▶ _Work instruction_
Repeat the full listing below verbatim and keep the images out.

:: Data excerpt

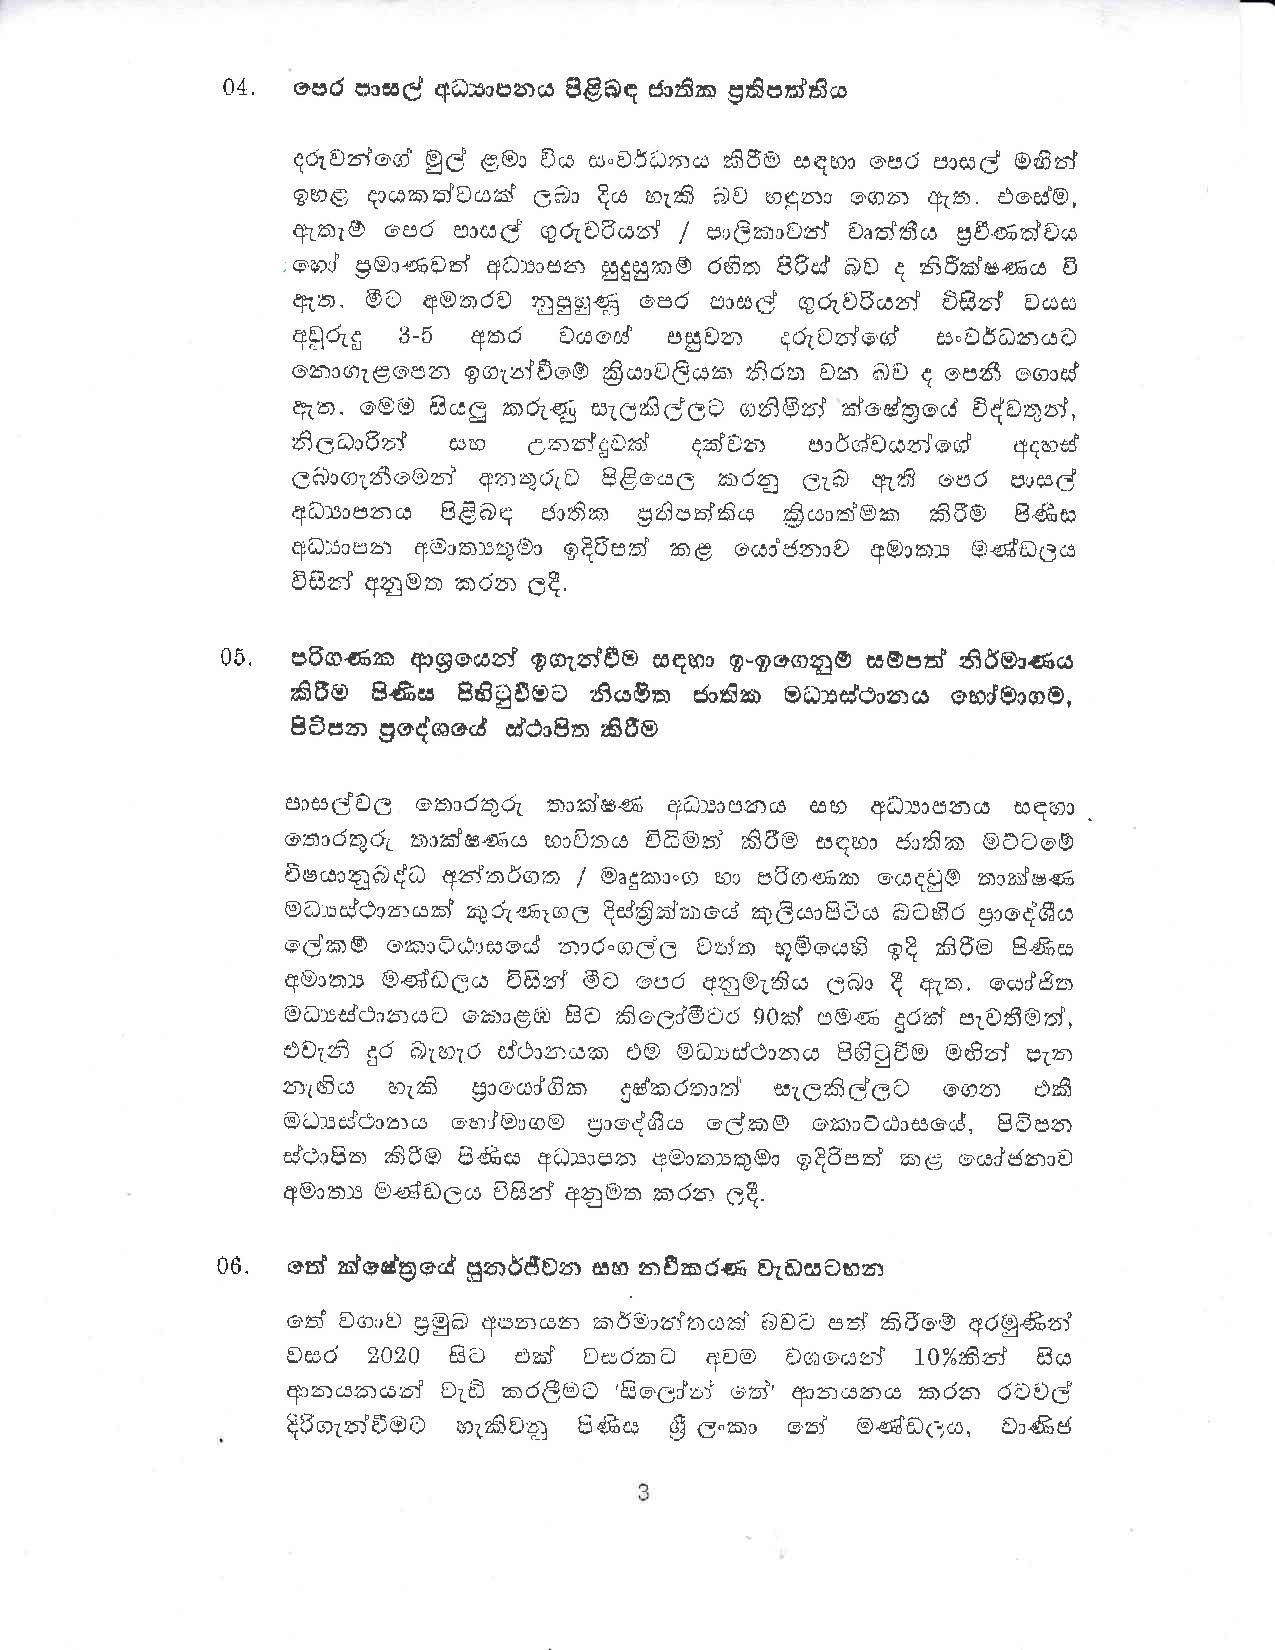 Cabinet Decision on 02.01.2020 page 003
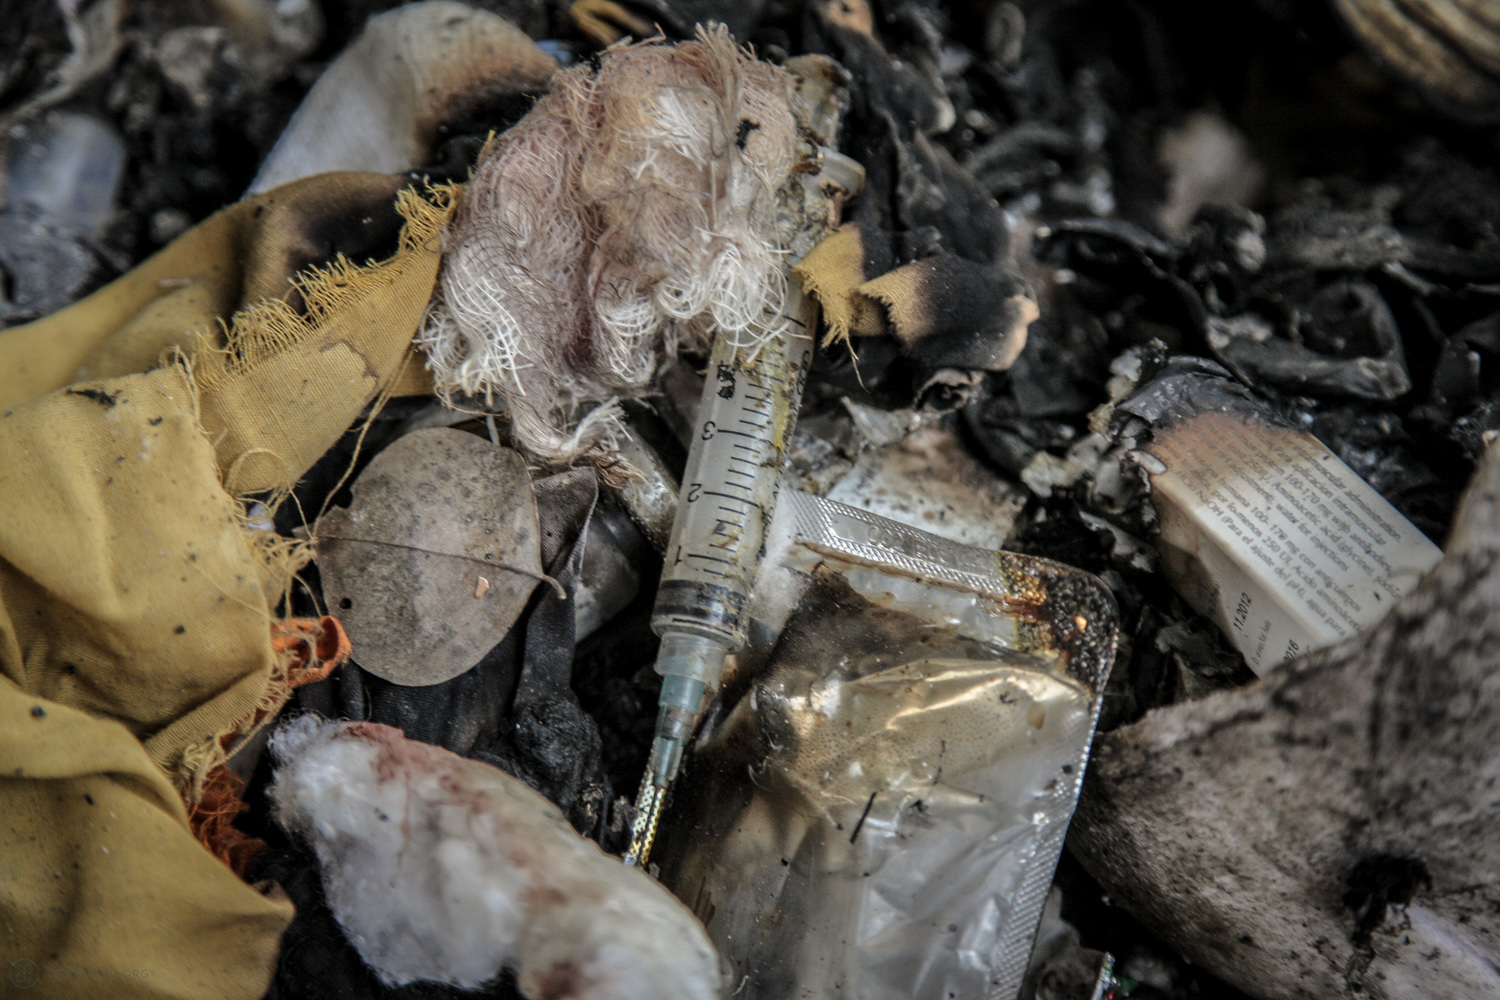  One of thousands of used needles poking out of the waste pile 
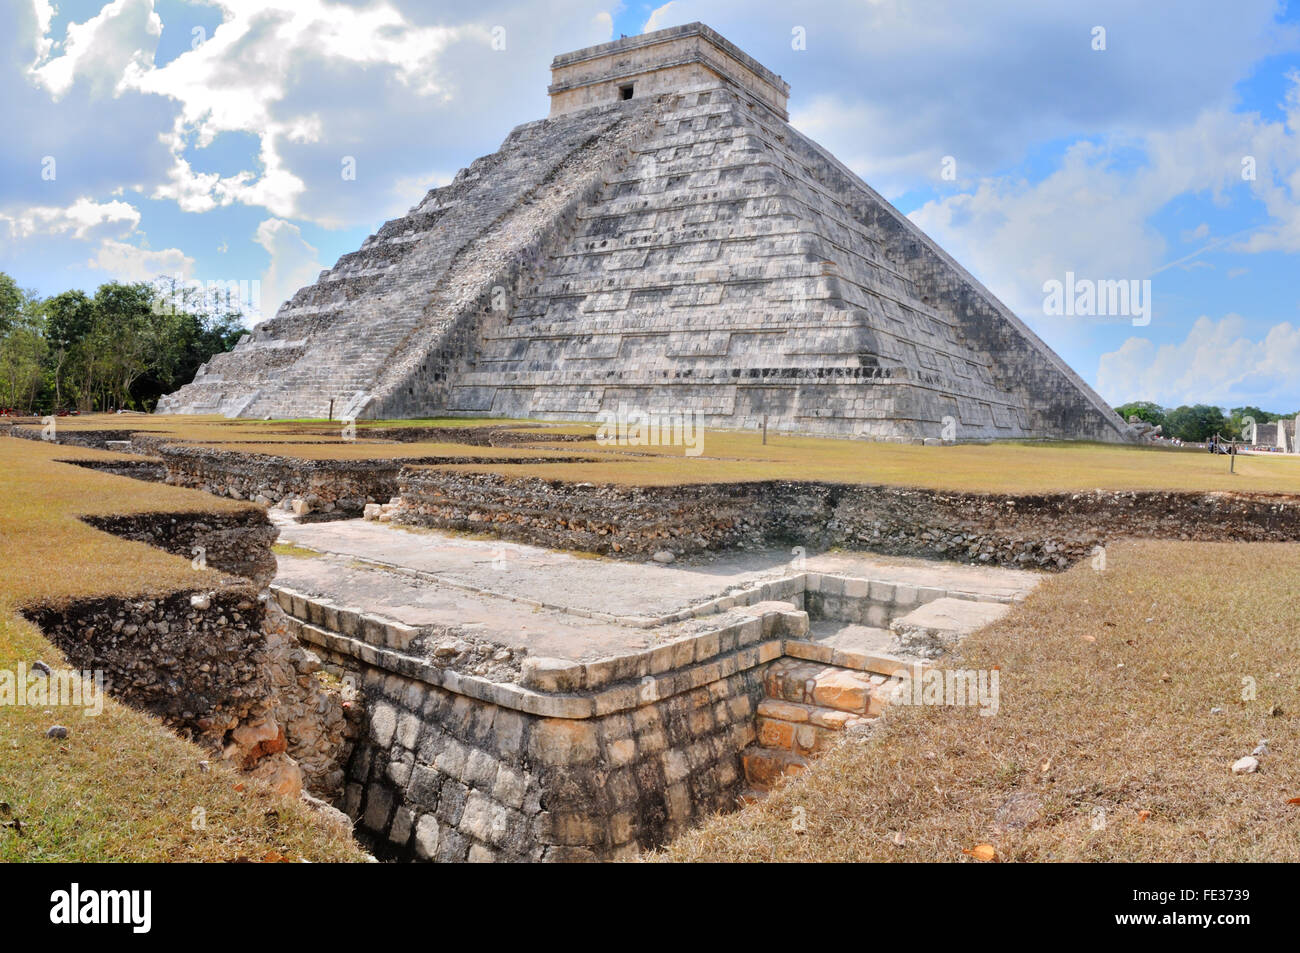 Maya pyramid in Chichen Itza, Yucatan, Mexico with an archaeological dig in front Stock Photo

::::

▶ _Response_
 Cabinet Decision on 02.01.2020 page 003
  One of thousands of used needles poking out of the waste pile 
 Maya pyramid in Chichen Itza, Yucatan, Mexico with an archaeological dig in front Stock Photo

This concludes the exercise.